理由としては、小鳥遊さんが「ご飯食べた後にジェットコースターってキツいと思う」と言ったからだ。多分この言葉がなかったら数時間後僕はUSJと小鳥遊さんに多大な迷惑をかけていただろう。ちなみに、そうで無くても僕はジェットコースターにはなりたくないんだけどね!
「りょーくん、手」
「あぁ、はい」
小鳥遊さんにそう求められ、僕は自然と手を差し出した。どうやら、たった数十分……大体一時間ぴったりとくっついていただけで、手だけであれば小鳥遊さんに触れるのに抵抗がなくなったらしい。我ながらすごい適応能力だ。一歩間違えればただの犯罪者だけどね。
「あ!あれかな?」
少し歩くと、小鳥遊さんが遠くを指差してそう言った。
「…………そうみたいだね」
僕は地図を見て場所を照らし合わせる。
「じゃあ行こっ!」
小鳥遊さん、走り出すだろうな。
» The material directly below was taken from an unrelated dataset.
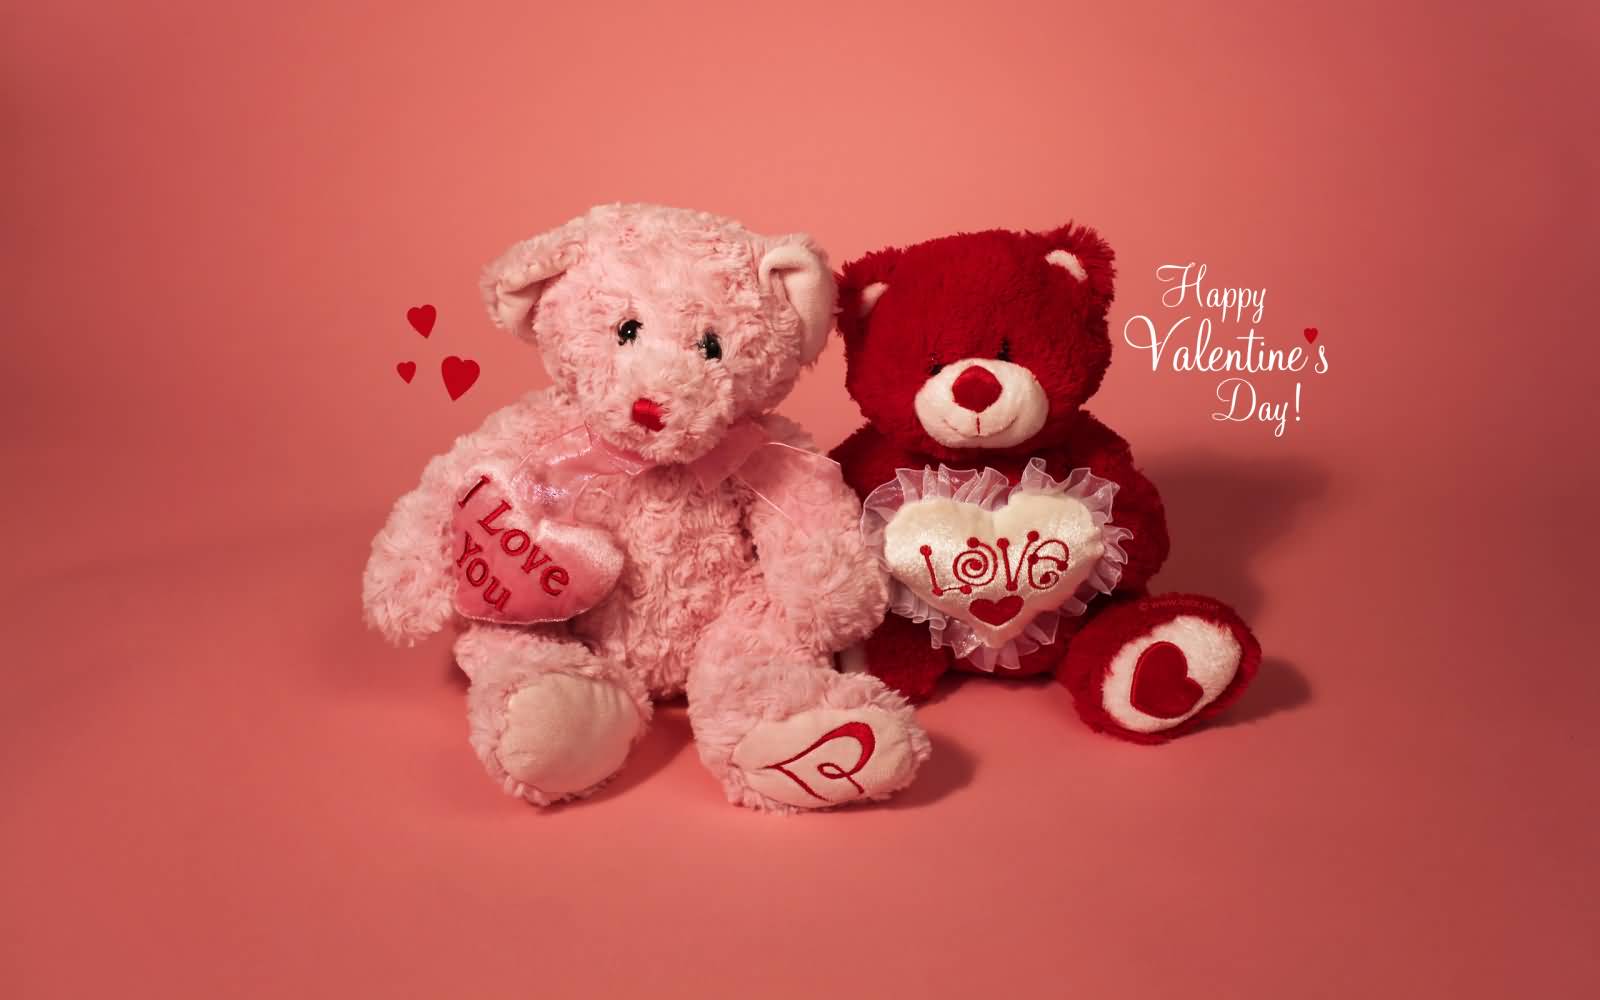 Happy Valentine’s Day Two Teddy Bears HD Wallpaper

そう思い、僕も走りだす。その事が不思議だったのか、小鳥遊さんは僕の方を振り返った。
「………………えへへ」
そして、にへらっと笑った。
僕はなんだか恥ずかしくなり、頬をぽりぽりとかく。え、なにこれもう絶対やんない。
走っていくと、近くなるにつれてだんだんと列が見え始め、その人気さを僕らに伝えた。
「…………並ぼうか」
「うん!」
パネルを見ると、一時間半待ちと書かれている。まあ、妥当な時間だろう。
でも、今回も待ち時間で退屈することはなかった。
「そうだりょーくん」
「ん?」
小鳥遊さんは強気な笑顔を見せて、僕の手を握り直した。
「今度りょーくんち行くね!」
「ごめん色々あって却下」
当たり前でしょ。僕の部屋にはラノベやらアニメやらグッズがあるし(今は収納してあるけど)もしかしたら小鳥遊さんが演じているキャラクターもあるかもしれない。僕も声優にはあまり詳しくないし小鳥遊さんはどうやら声優業よりモデルの方に重きを置いているようであまり出演はしていないから可能性は低いだろうけど。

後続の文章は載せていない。